×

We use cookies to help make LingQ better. By visiting the site, you agree to our cookie policy.


image

Николай Васильевич Гоголь - Вий - with stréss accénts, Вий 12

Вий 12

Собра́вшийся во́зле него́ кружо́к поту́пил го́лову, услы́шав таки́е слова́. Да́же небольшо́й мальчи́шка, кото́рого вся дво́рня почита́ла впра́ве уполномо́чивать вме́сто себя́, когда́ де́ло шло к тому́, что́бы чи́стить коню́шню и́ли таска́ть во́ду, да́же э́тот бе́дный мальчи́шка то́же рази́нул рот.

В э́то вре́мя проходи́ла ми́мо ещё не совсе́м пожила́я бабёнка в пло́тно обтя́нутой запа́ске, выка́зывавшей её кру́глый и кре́пкий стан, помо́щница ста́рой куха́рки, коке́тка стра́шная, кото́рая всегда́ находи́ла что-нибу́дь пришпи́лить к своему́ очи́пку: и́ли кусо́к ле́нточки, и́ли гвозди́ку, и́ли да́же бума́жку, е́сли не́ было чего́-нибу́дь друго́го.
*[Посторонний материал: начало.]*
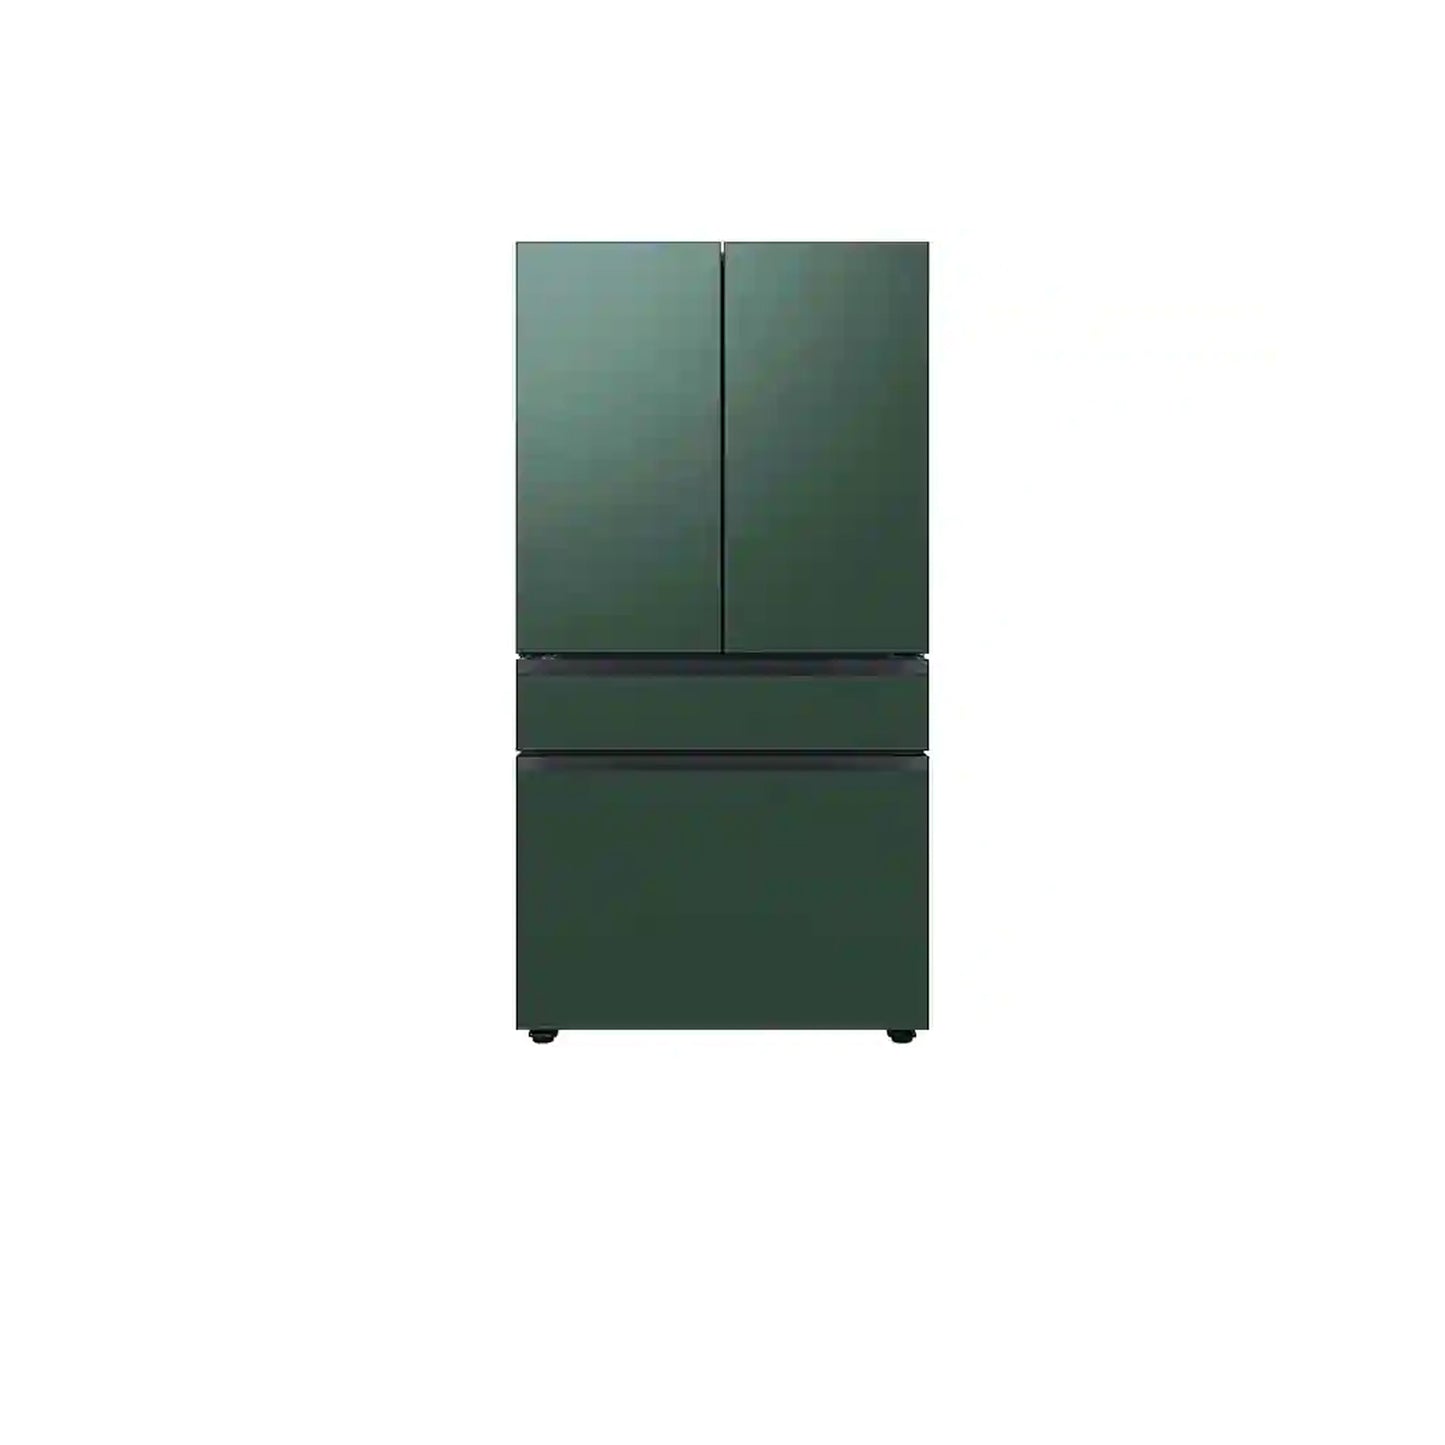 ثلاجة مخصصة بباب فرنسي بأربعة أبواب (23 قدمًا مكعبًا) مع ألوان لوحة الباب قابلة للتخصيص ومركز المشروبات™ بزجاج رمادي غير لامع.

– Здра́вствуй, Хома! – сказа́ла она́, уви́дев фило́софа. – Ай-ай-а́й! что э́то с тобо́ю? – вскрича́ла она́, всплесну́в рука́ми.

– Как что, глу́пая ба́ба?

– Ах, бо́же мой! Да ты весь поседе́л!

– Эге́-ге! Да она́ пра́вду говори́т! – произнёс Спирид, всма́триваясь в него́ при́стально. – Ты то́чно поседе́л, как наш ста́рый Явтух.

Фило́соф, услы́шавши э́то, побежа́л о́прометью в ку́хню, где́ он заме́тил приле́пленный к стене́, обпа́чканный му́хами треуго́льный кусо́к зе́ркала, пе́ред кото́рым бы́ли натыканы незабу́дки, барви́нки и да́же гирля́нда из нагидок, пока́зывавшие назначе́ние его́ для туале́та щеголева́той коке́тки. Он с у́жасом уви́дел и́стину их слов: полови́на во́лос его́, то́чно, побеле́ла.

Пове́сил го́лову Хома Брут и преда́лся размышле́нию.

– Пойду́ к па́ну, – сказа́л он наконе́ц, – расскажу́ ему́ всё и объясню́, что бо́льше не хочу́ чита́ть. Пусть отправля́ет меня́ сей же час в Ки́ев.

В таки́х мы́слях напра́вил он путь свой к крыльцу́ па́нского до́ма.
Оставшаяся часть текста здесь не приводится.